1

I writing one python script to trim log file between two line.

here is the I have written:

import optparse
import datetime

parser = optparse.OptionParser()
parser.add_option("-f","--file",dest="log_file",
                          action="store",help="Specify log file to be parsed")
options, args = parser.parse_args()
vLogFile=options.log_file

start_time = raw_input("Please enter start time:\n[Format: HH:MM]=")
end_time = raw_input("Please enter end time:\n[Format: HH:MM]=")
trim_time = datetime.datetime.now().strftime('%d%H%M%S')
output_file = 'trimmed_log_%s.txt' %trim_time
with open(vLogFile) as file:
    for vline in file:
        vDate = vline[0:10]
        break
    start_line = vDate + ' ' + start_time
    end_line = vDate + ' ' +end_time
    print("Start time:%s" %start_line)
    print("End time:%s" %end_line)
    for num, line in enumerate(file, 1):
        if line.startswith(start_line):
            start_line_number = num
            break
    for num, line in enumerate(file, 1):
        if line.startswith(end_line):
            end_line_number = num
            break
    file.close()
print(start_line_number,end_line_number)
with open(vLogFile,"r") as file:
    oFile = open(output_file,'a')
    for num, line in enumerate(file, 1):
        if num >= start_line_number and num <= end_line_number:
            oFile.write(line)
print("%s Created" %output_file)

Below is the result of a script:

$ python trim.py -f ErrorLog.txt
Please enter start time:
[Format: HH:MM]=16:16
Please enter end time:
[Format: HH:MM]=16:29
Start time:2017-11-12 16:16
End time:2017-11-12 16:29
(333, 2084)
trimmed_log_23063222.txt Created

Here start line(333) is correct but end line(2084) is incorrect.

Here is my log file:

Could someone please help me in this?

Thanks, Yogesh

Martin Evans
  • 45,791
  • 17
  • 81
  • 97
pgyogesh
  • 342
  • 2
  • 13

2 Answers2

2

This is a good use for itertools.dropwhile() and itertools.takewhile():

import itertools
from datetime import datetime

start_time = datetime.strptime("16:16", "%H:%M")
end_time = datetime.strptime("16:29", "%H:%M")

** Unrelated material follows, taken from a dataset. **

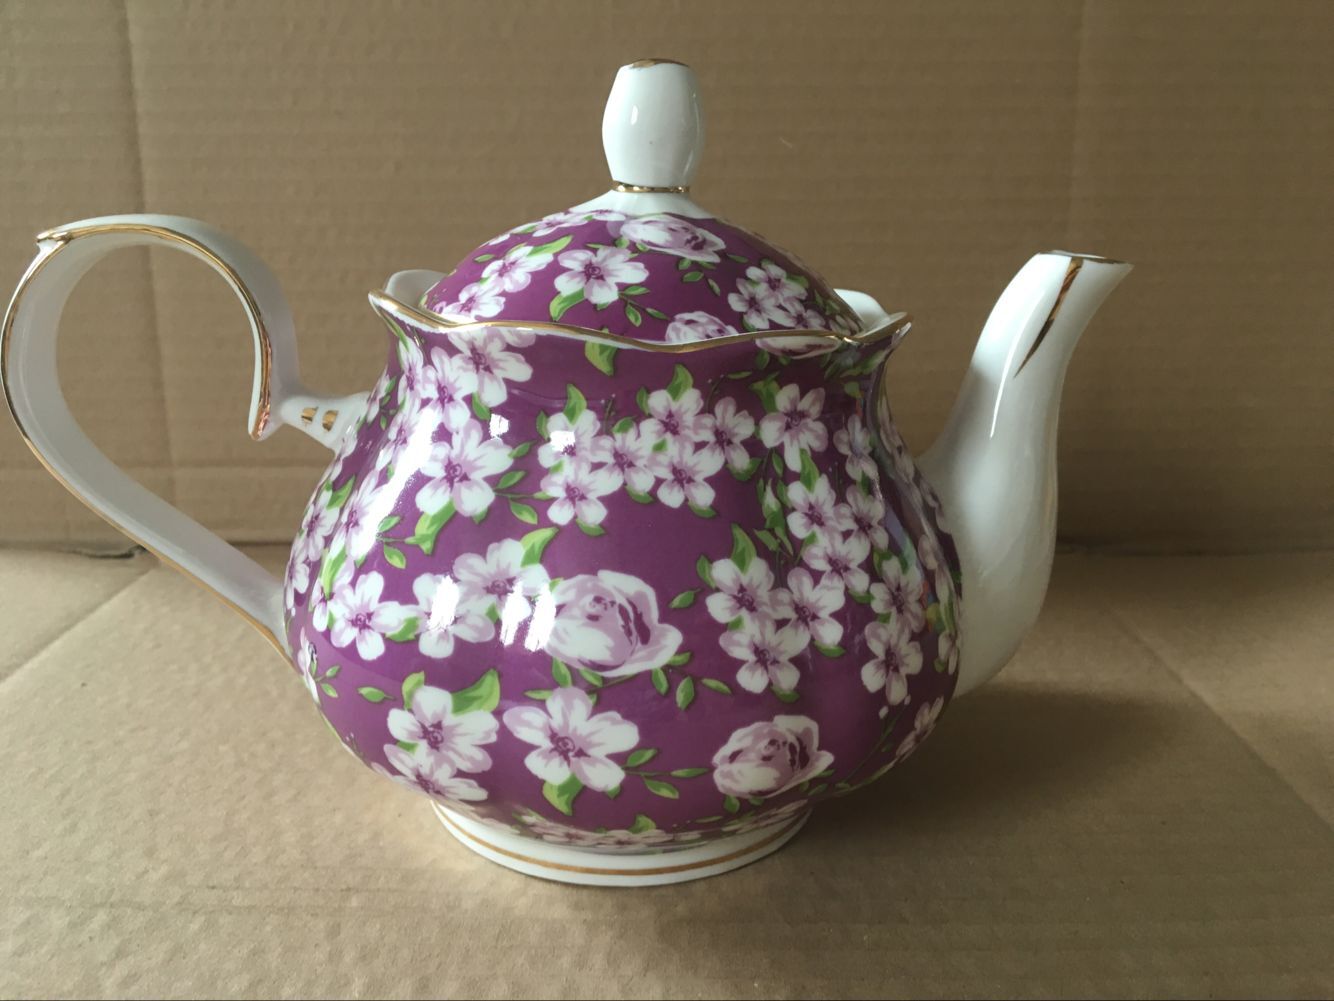 Violet Meadow 4 cup teapot
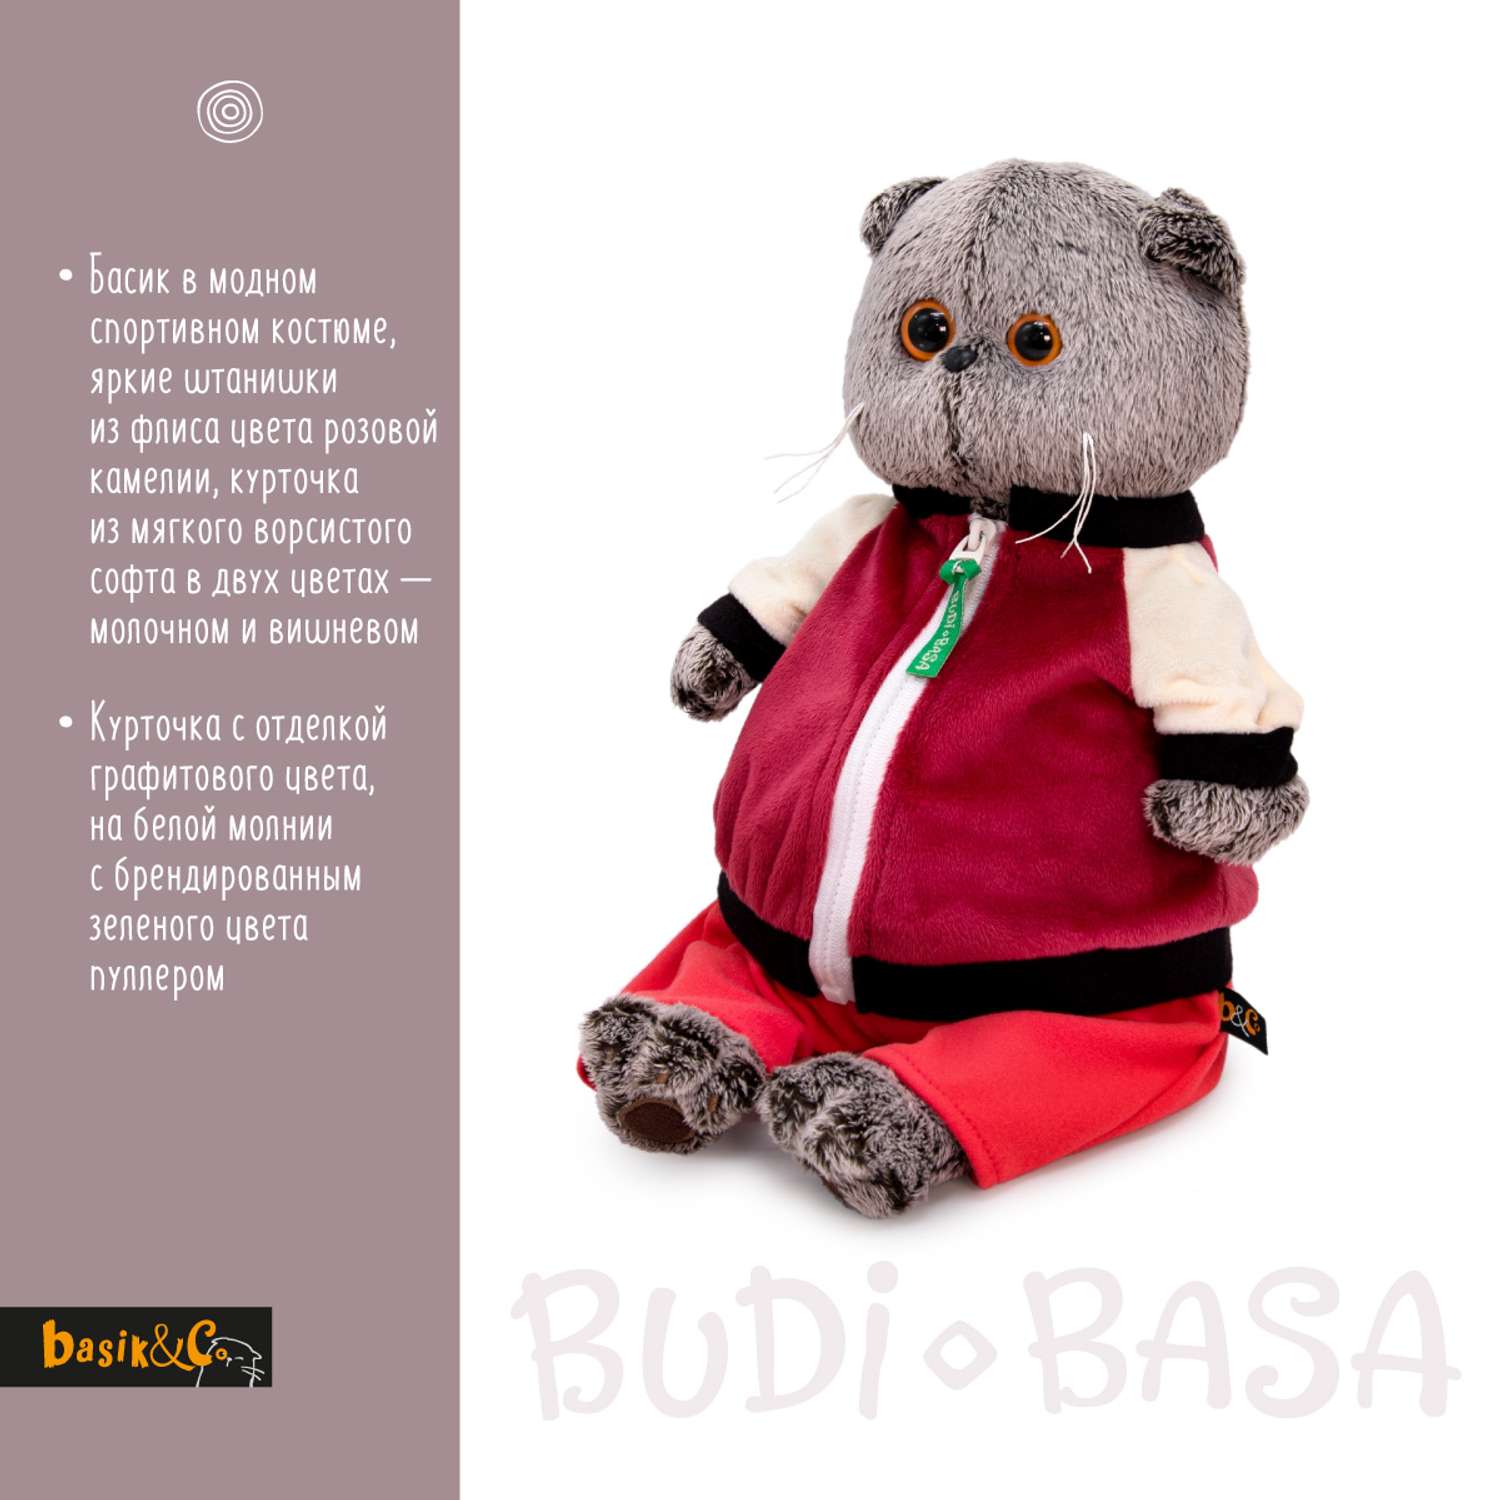 Мягкая игрушка BUDI BASA Басик в спортивной курточке и штанах 30 см Ks30-227 - фото 3

with open('ErrorLog.txt') as f_log, open('trimmed.txt', 'w') as f_trimmed:
    for row in itertools.dropwhile(lambda x: datetime.strptime(x[11:16], "%H:%M") < start_time, f_log):
        f_trimmed.write(row)
        break

    for row in itertools.takewhile(lambda x: datetime.strptime(x[11:16], "%H:%M") < end_time, f_log):
        f_trimmed.write(row)

This would give you an output trimmed.txt as follows:

2017-11-12 16:16:16.642 Info: Forest Extensions state changed from open to start closing because shutting down
2017-11-12 16:16:16.642 Info: Database Extensions is offline
2017-11-12 16:16:16.643 Info: Forest Extensions state changed from start closing to middle closing because shutting down
.
.
2017-11-12 16:24:07.161 Info: Deleted 1 MB at 345 MB/sec /Users/yogeshjadhav96/Library/Application Support/MarkLogic/Data/Forests/App-Services/000001db
2017-11-12 16:24:07.165 Info: Deleted 10 MB at 2361 MB/sec /Users/yogeshjadhav96/Library/Application Support/MarkLogic/Data/Forests/App-Services/000001dc

This has the effect of filtering out lines that don't match the starting requirement i.e. too early, and to then only read lines until the ending requirement. Each row is read in and a lambda function is used to extract the time, convert it into a datetime object and compare it with start_time or end_time accordingly.

Martin Evans
  • 45,791
  • 17
  • 81
  • 97
1

The problem is you're enumerating over the open file without rewinding it, so line numbers aren't correct anymore. You could use input_file.seek(0) to do that, but there're simpler ways. Something like this might work (dry-coded, YMMV) for the main loop - and in addition, it only reads through the file once.

with open(vLogFile) as input_file, open(output_file, 'a') as output_file:
    do_write = False
    for i, line in enumerate(file, 1):
        if i == 1:  # First line, so figure out the start/end markers
            vDate = vline[0:10]
            start_line = vDate + ' ' + start_time
            end_line = vDate + ' ' +end_time
        if not do_write and line.startswith(start_line):  # If we need to start copying...
            do_write = True
            print('Starting to write from line %d', i)
        if do_write:
            output_file.write(line)
        if line.startswith(end_line):  # Stop writing, we have everything
            print('Stopping write on line %d', i)
            break
AKX
  • 152,115
  • 15
  • 115
  • 172